Self-custody aims to address the dependency issue: no longer relying on exchanges, custodians, or any third party that could freeze withdrawals or go bankrupt. But it has not resolved the “cognitive” issue. Private keys give you control, but they also place all responsibility on you.

So, how should you address this issue?

Hardware Wallets Help Reduce Friction

Cold storage can solve part of the problem. It stores your assets offline in a vault-like place.

Has the problem been solved? Only partially.

By removing private keys from general devices, hardware wallets eliminate the hassle of browser extensions or “one-click transaction confirmations.” They introduce a physical confirmation mechanism that can help protect users.

However, hardware wallets are ultimately just a tool.

Security teams from several wallet providers are candid about this. Ledger reports multiple instances of phishing attacks using its brand, where attackers use fake browser extensions and cloned versions of Ledger Live. These interfaces are familiar enough to lower users' guard, but at some point, users are asked to enter their mnemonic phrases. Once the mnemonic phrase is leaked, the consequences can be dire.

People may also be tricked into entering their mnemonic phrases on fake firmware update pages.

Therefore, the true role of hardware wallets is to shift the attack surface and increase friction, thereby reducing the likelihood of being attacked.

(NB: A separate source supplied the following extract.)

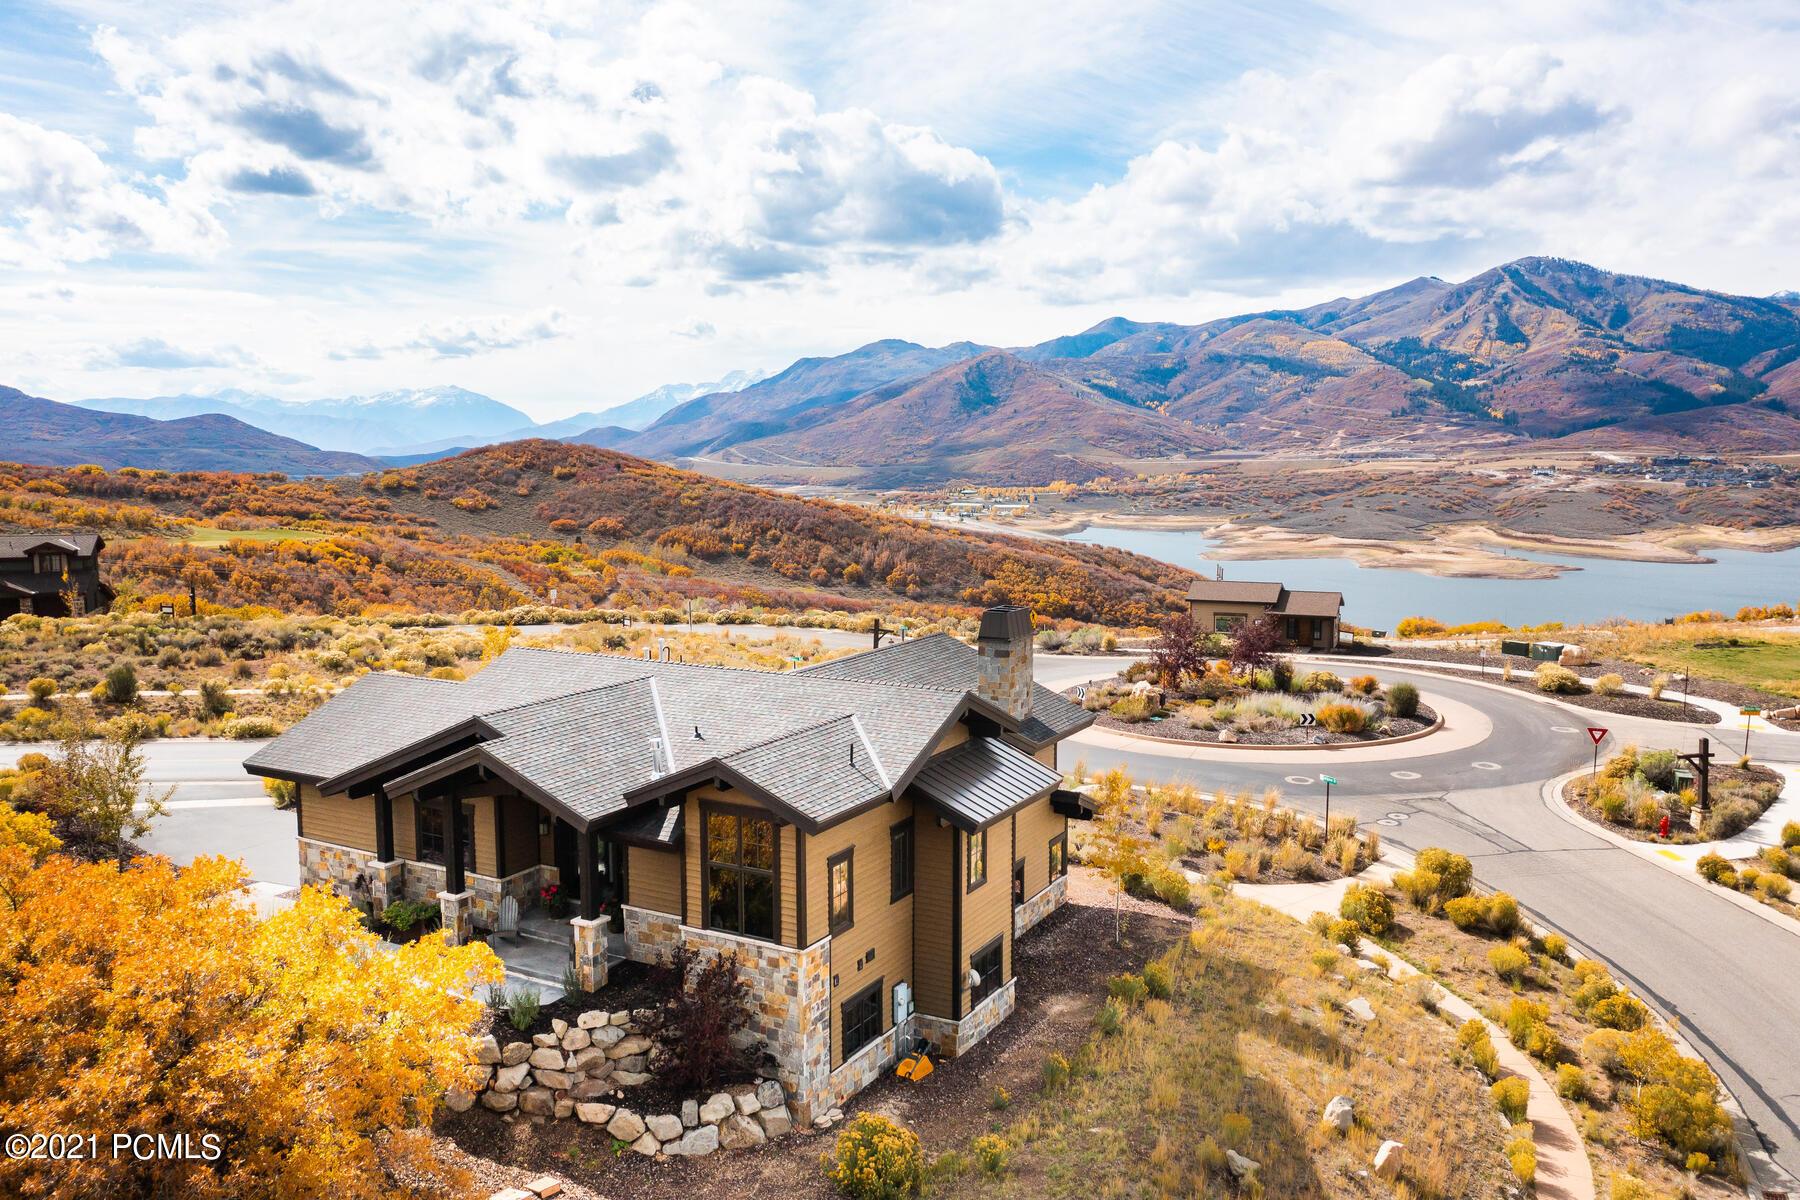 10725 Hideout Trail, Heber City, Utah 84032, 4 Bedrooms Bedrooms, ,4 BathroomsBathrooms,Single Family,For Sale,Hideout,12104144

But they cannot completely eliminate risk.

Separation is Key

The maximum effectiveness of hardware wallets relies on purchasing them from official or trusted sources and keeping mnemonic phrases completely offline and secure.

Long-term professionals in this field, including incident responders, on-chain investigators, and wallet engineers, all recommend separating and diversifying risk.

One wallet is used for daily transactions, while another wallet is rarely connected to the internet. Small amounts of funds are used for experimentation and DeFi mining, while larger amounts are stored in a vault that requires multiple steps to access.

Above all, the most important thing is basic security habits.

Some seemingly tedious habits can be very helpful. No matter how urgent the pop-up is, do not enter your mnemonic phrase on a website. After copying and pasting, always verify the complete address on the hardware screen. Before approving any transaction that was not initiated by you, think twice. For links and “customer service” messages from unknown sources, remain skeptical until verified.

These measures cannot guarantee absolute security; risks will always exist. But with each additional step taken, the risk is reduced a little more.

Currently, for most users, the biggest threat is not zero-day vulnerabilities, but rather the information they have not carefully verified, the installation programs they download and run immediately because the job opportunity sounds good, and the mnemonic phrases written on the same piece of paper as their grocery list.

When those managing billions of dollars treat these risks as background noise, they ultimately become case studies labeled as “vulnerabilities.”